La risposta al fenomeno della commissione britannica è di aumentare servizi sociali e momenti di aggregazione. È un primo passo, anche considerando l’impegno di associazioni e volontari che gli inglesi vogliono mettere in campo, evitando un approccio puramente statalista. Ma ci si chiede: se finora abbiamo distrutto l’istituto familiare e la comune identità religiosa, quanto saranno utili delle toppe che intervengono sui sintomi ma non sulla causa della solitudine? Se non c’è alcun grande ideale che dà senso alla vita e che ci lega saldamente agli altri, come si ricostruisce una comunità? Per i cattolici si pongono davanti sfide ambiziose ed esaltanti: la ricostruzione della famiglia a partire dal Vangelo e dalla santità di vita, creando così comunità forti di credenti che possano essere un faro per i mondani, i quali prima o poi si renderanno conto che la secolarizzazione sta devastando le loro stesse vite.

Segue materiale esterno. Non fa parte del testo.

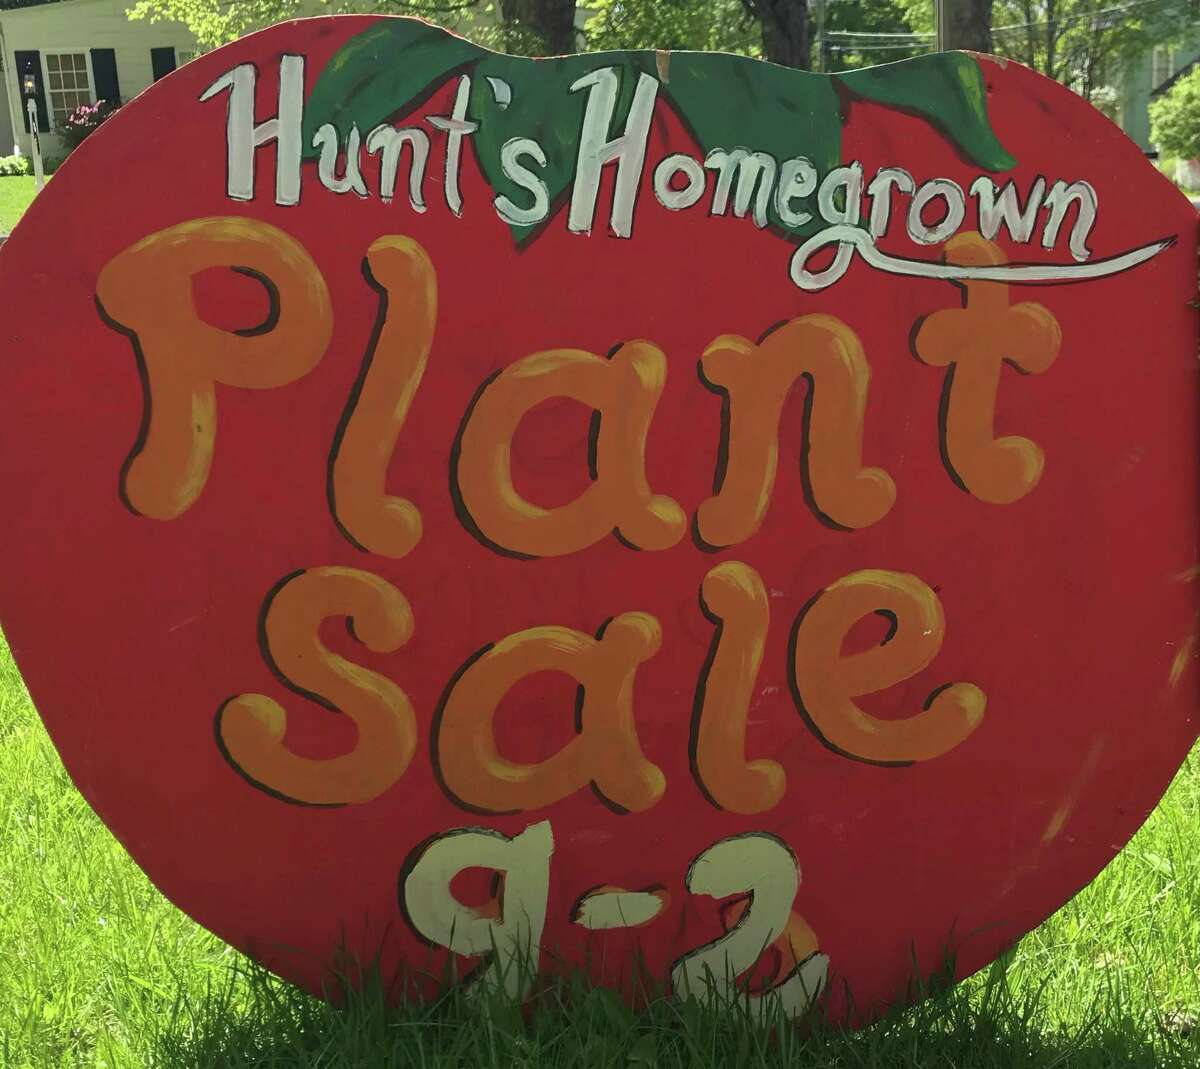 The Hunt Library is holding its annual homegrown plant sale May 21-22.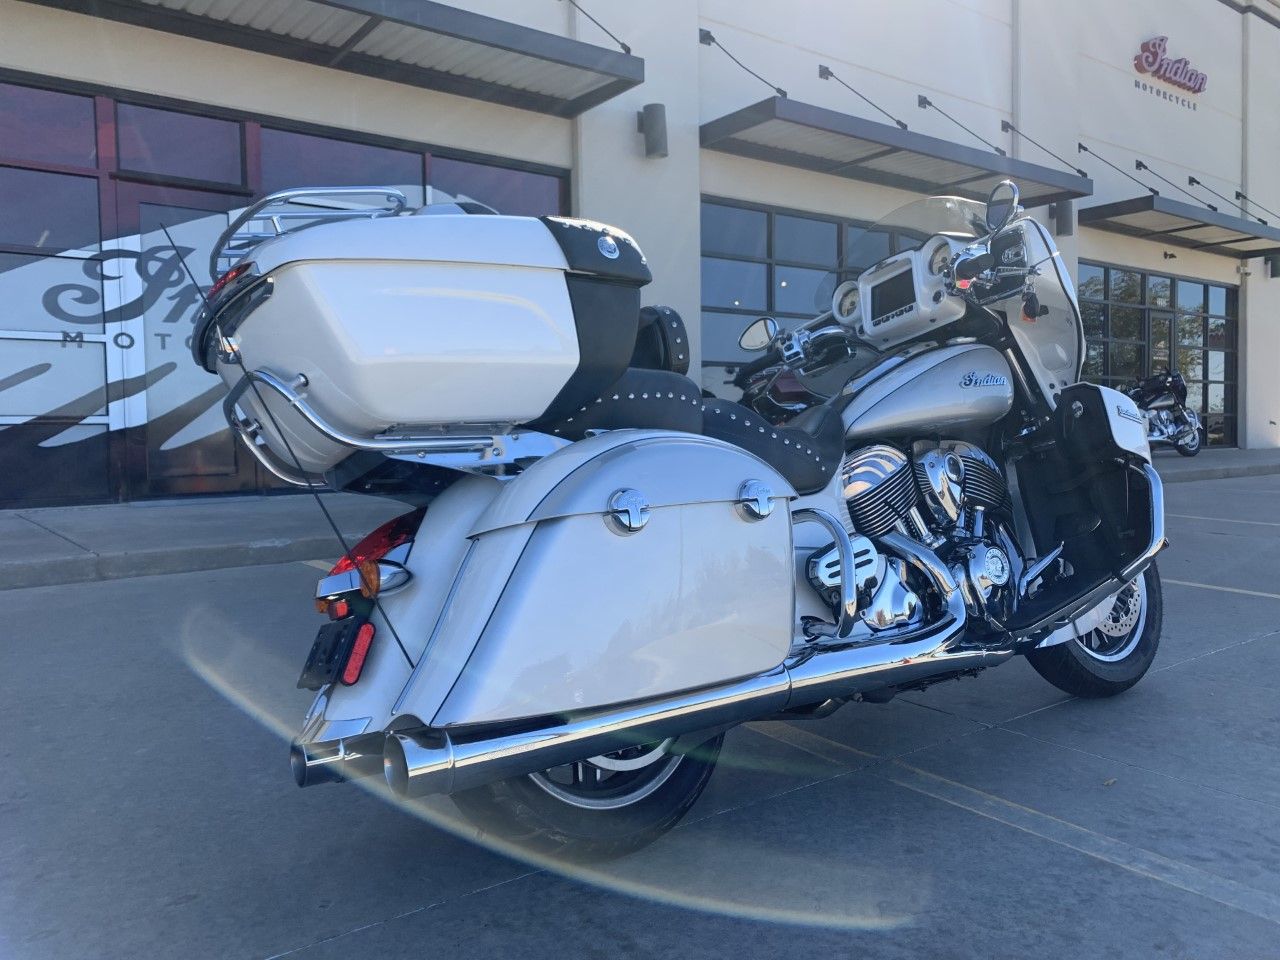 2019 Indian Motorcycle Roadmaster® ABS in Norman, Oklahoma - Photo 8

Una società senza Dio è destinata infatti a crollare presto e noi dobbiamo essere pronti a offrire la vita evangelica come scialuppa per i naufraghi. Dovremo sempre più integrare persone in stato di difficoltà relazionale e dimostrare con i fatti la nostra fede nel Dio che è amore. Allo stesso tempo dobbiamo saper rispondere al bisogno di rapporti umani in modo immediato e concreto già qui e ora. Le parrocchie devono moltiplicare momenti di contatto umano e vita comunitaria – ad esempio il ritrovo dopo la Messa, praticato con successo negli USA, o l’oratorio che ancora resiste bene da noi. Non basta poi aspettare che arrivino in Chiesa, ma bisogna cercare le anime dove sono. E, ad esempio, in Polonia a gennaio i sacerdoti visitano casa per casa tutti i parrocchiani per parlare con loro sia della loro vita personale che della parrocchia. Se uniremo la santità delle nostre comunità alla capacità di raggiungere i lontani, allora l’emergenza solitudine si trasformerà in una occasione per riportare le anime a Cristo.
Infine alcune considerazioni di ordine spirituale. A volte ci si può sentire soli anche in convento o in una famiglia numerosa purtroppo. Ma il cattolico, a differenza del mondani, sa che può rivolgersi con serenità e fiducia a Gesù. In ginocchio davanti alla Santa Eucaristia sentirà una consolazione che nessuna creatura può donare, un amore bruciante che non ci lascia mai soli e anzi ci riempie e trabocca. E poi c’è Maria che è la consolatrice di ogni afflizione. E poi il proprio angelo custode e i miliardi di angeli fedeli e le schiere dei santi. Impossibile restare soli.